Can anyone help me with this?
Also, on a related question, If I have a scalar field that obeys to the Laplace equation in $\mathbb H^2$, I get that the solution is the same as if I've written the Lapace equation in $\mathbb R^2$...that came as a surprise for me...Why does that happen? (I'm trying to have some understanding of the Hyperbolic space.)
Notes by Manfred Stoll look like a perfect match for your question: both the hyperbolic space (2.3) and harmonic functions on it (Chapters 3-4) are introduced from scratch. For the record, the metric on $\mathbb H^n$ is $ds^2 = \frac{dx^2}{x_n^2}$ where $dx^2$ is the Euclidean metric.

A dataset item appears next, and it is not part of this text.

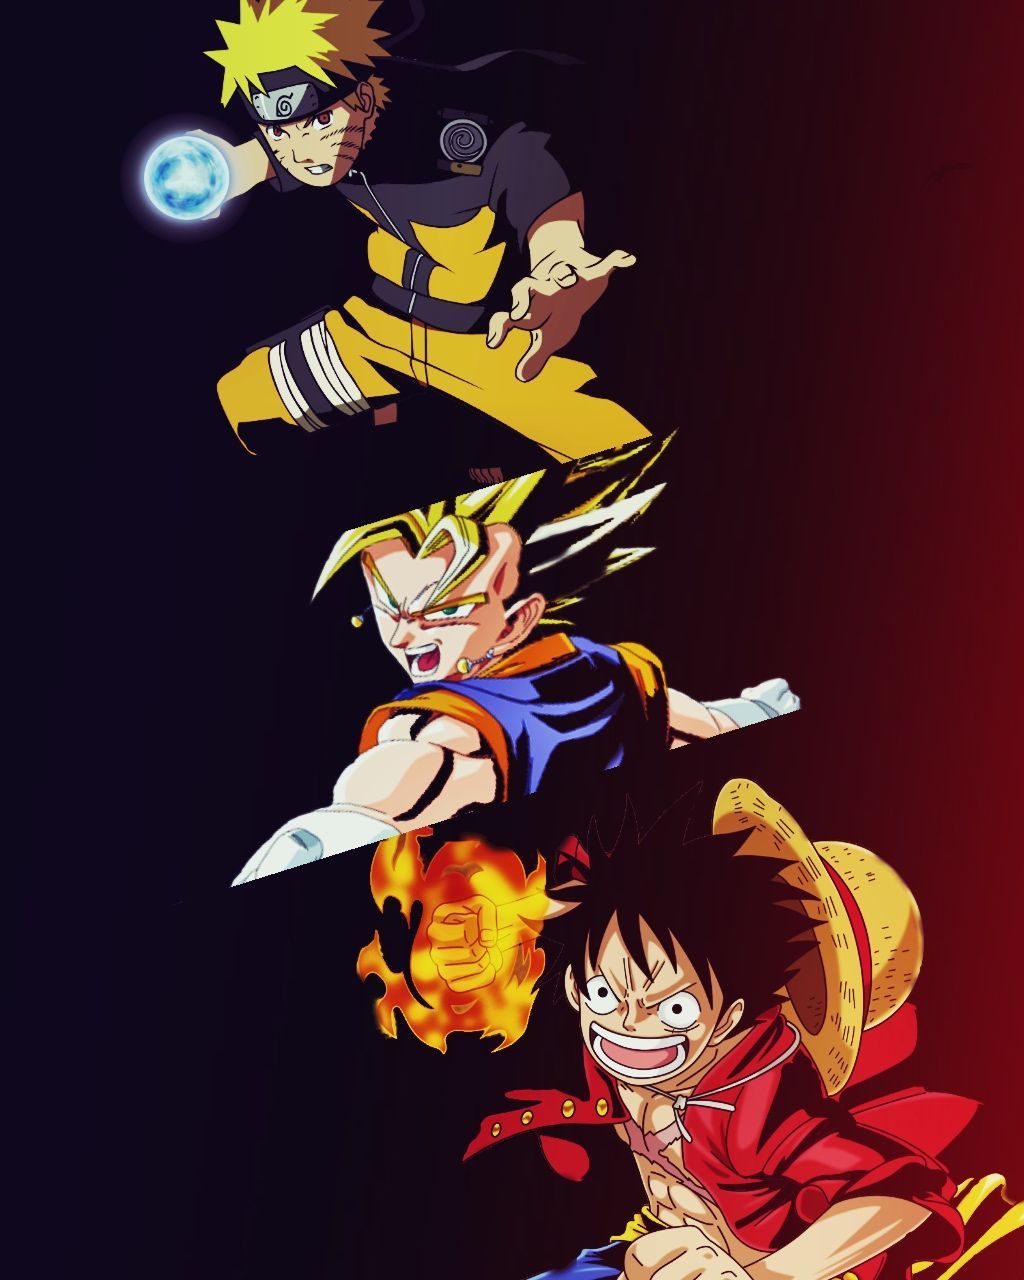 Wallpaper Goku Naruto Y Luffywalpaperlist.com
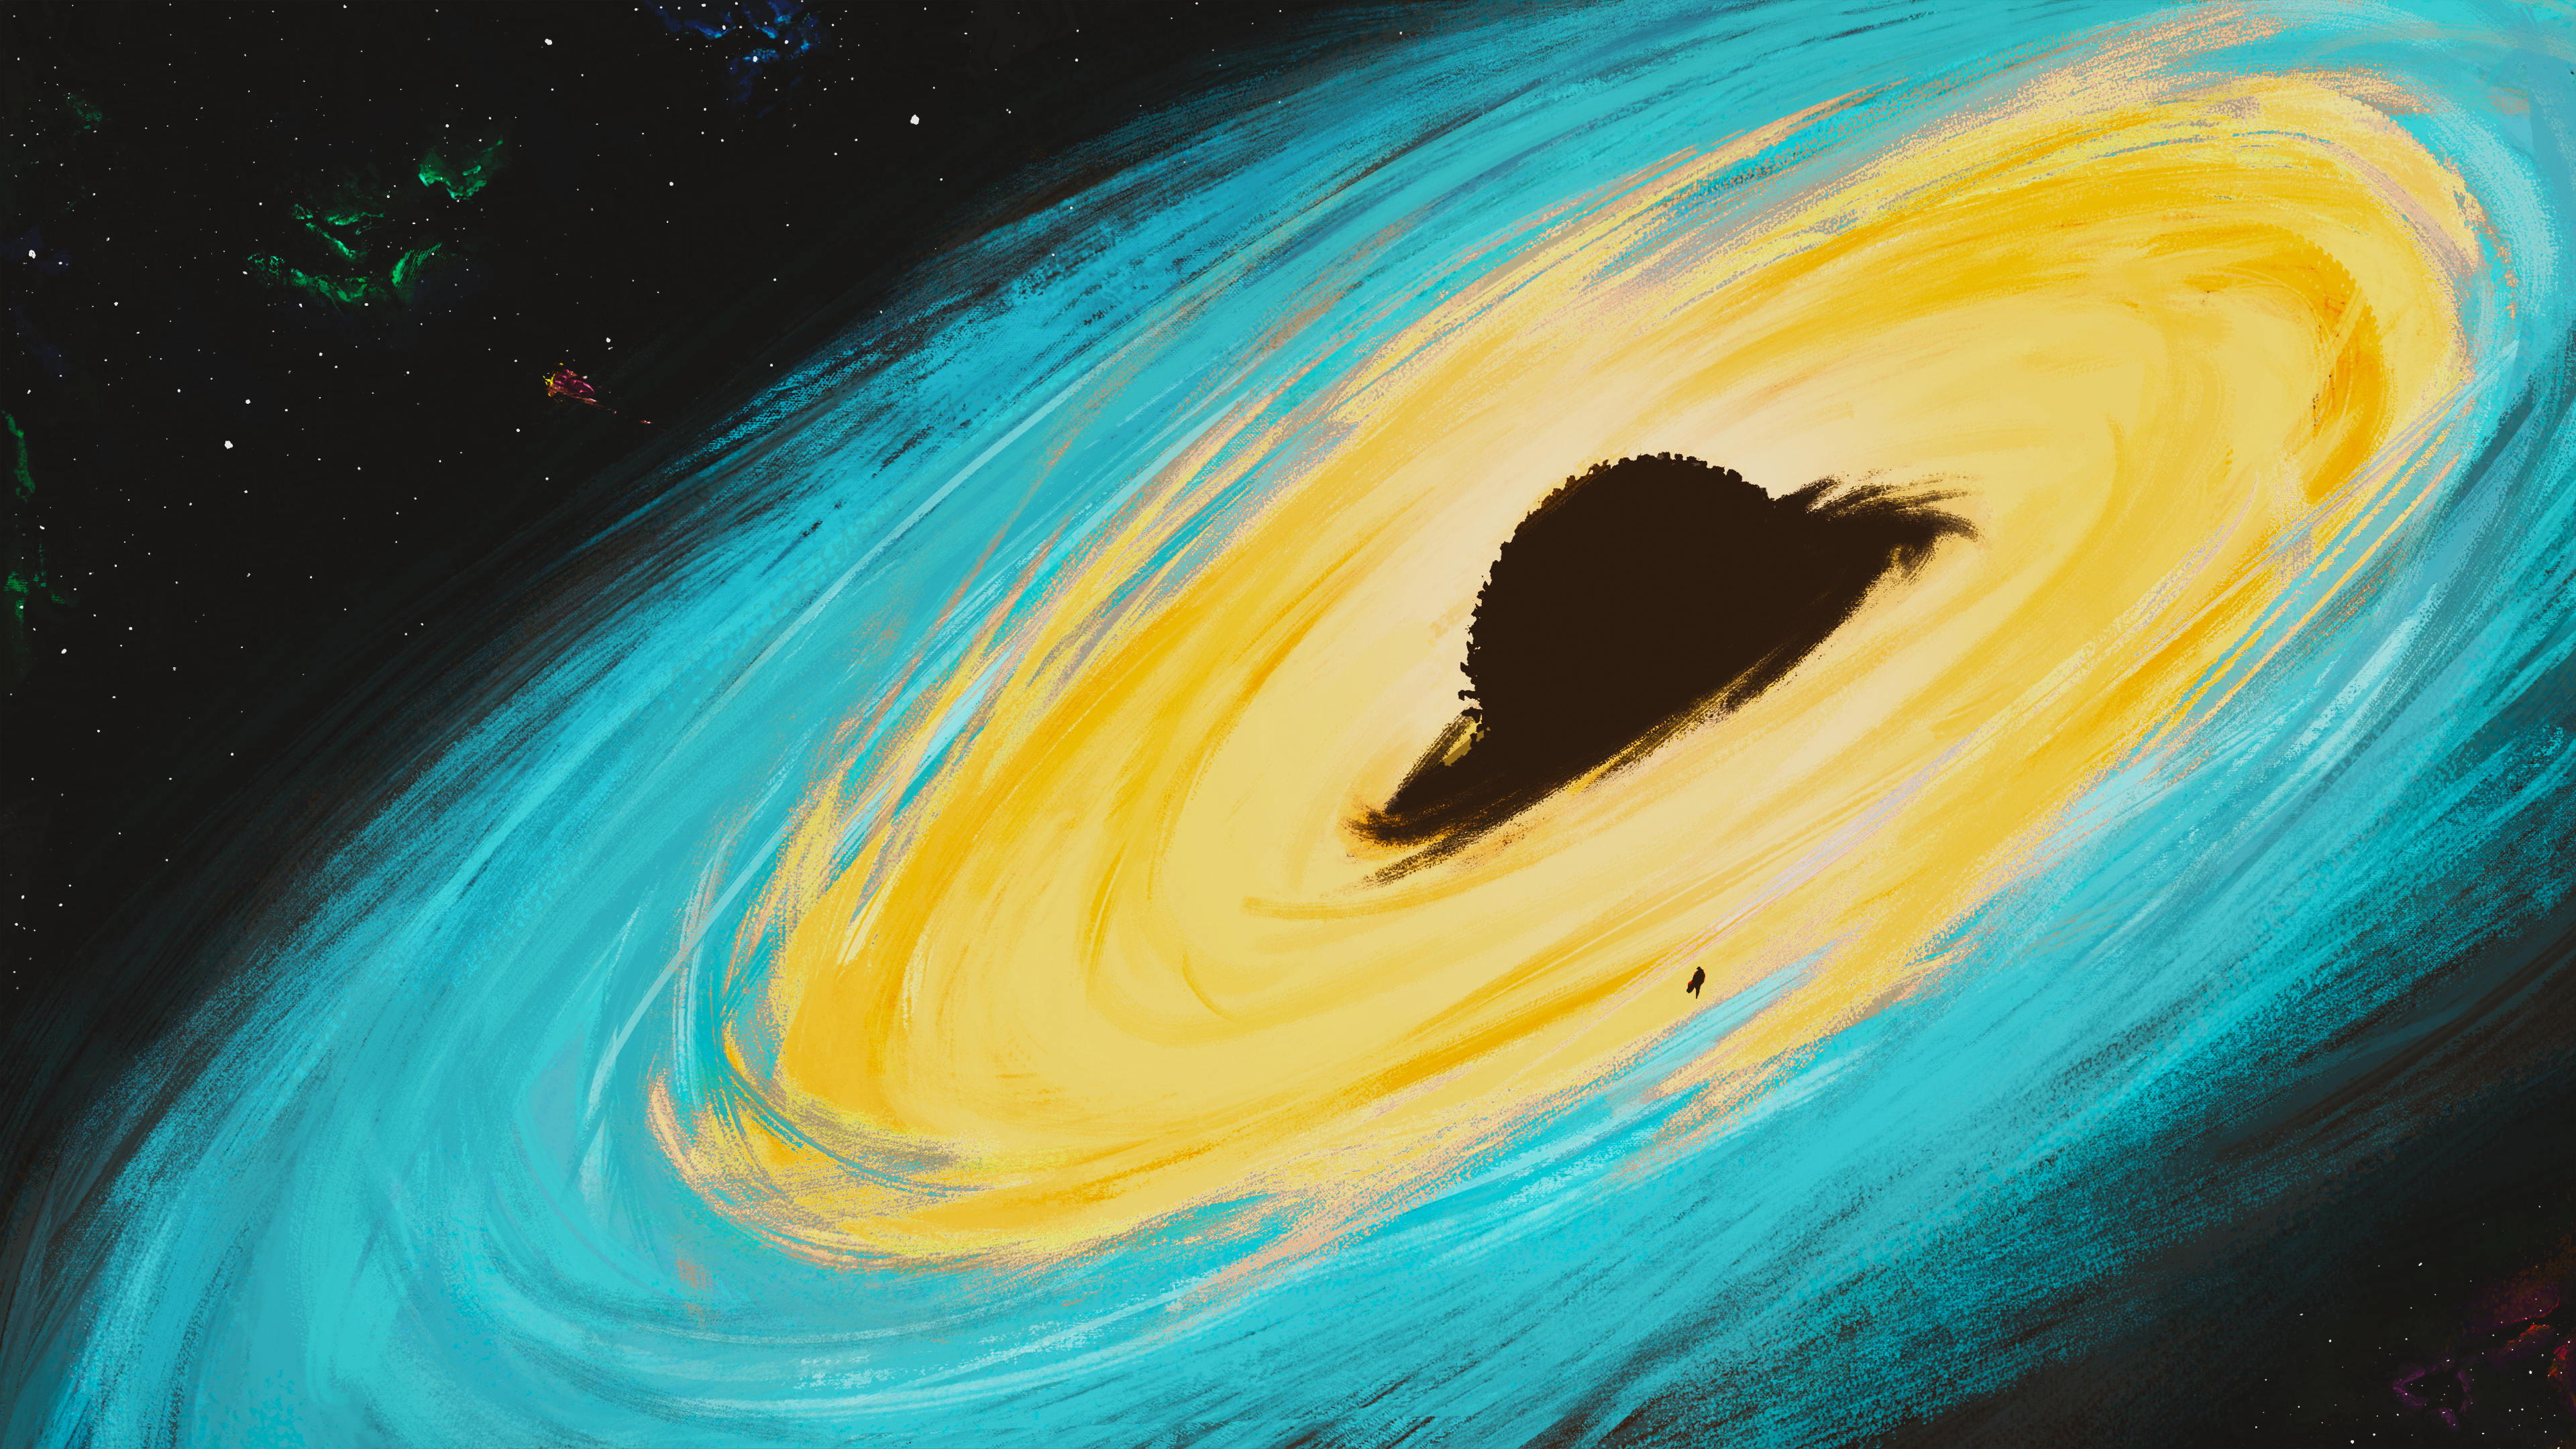 General 3840x2160 artwork Ameur Makhloufi painting black holes astronaut space yellow cyan science fiction event horizon space art omni-man

In dimension $2$ (only) the hyperbolic and Euclidean harmonic functions indeed coincide: see formulas (3.2) and the (yet unfinished) section 3.4. One might wonder if this is a feature or a bug. One of possible explanations is that hyperbolic isometries are conformal maps, and conformality is related to the Laplace equation only in dimension $2$. (In dimensions $n\ge 3$ conformal maps are related to the non-linear $n$-Laplace equation.)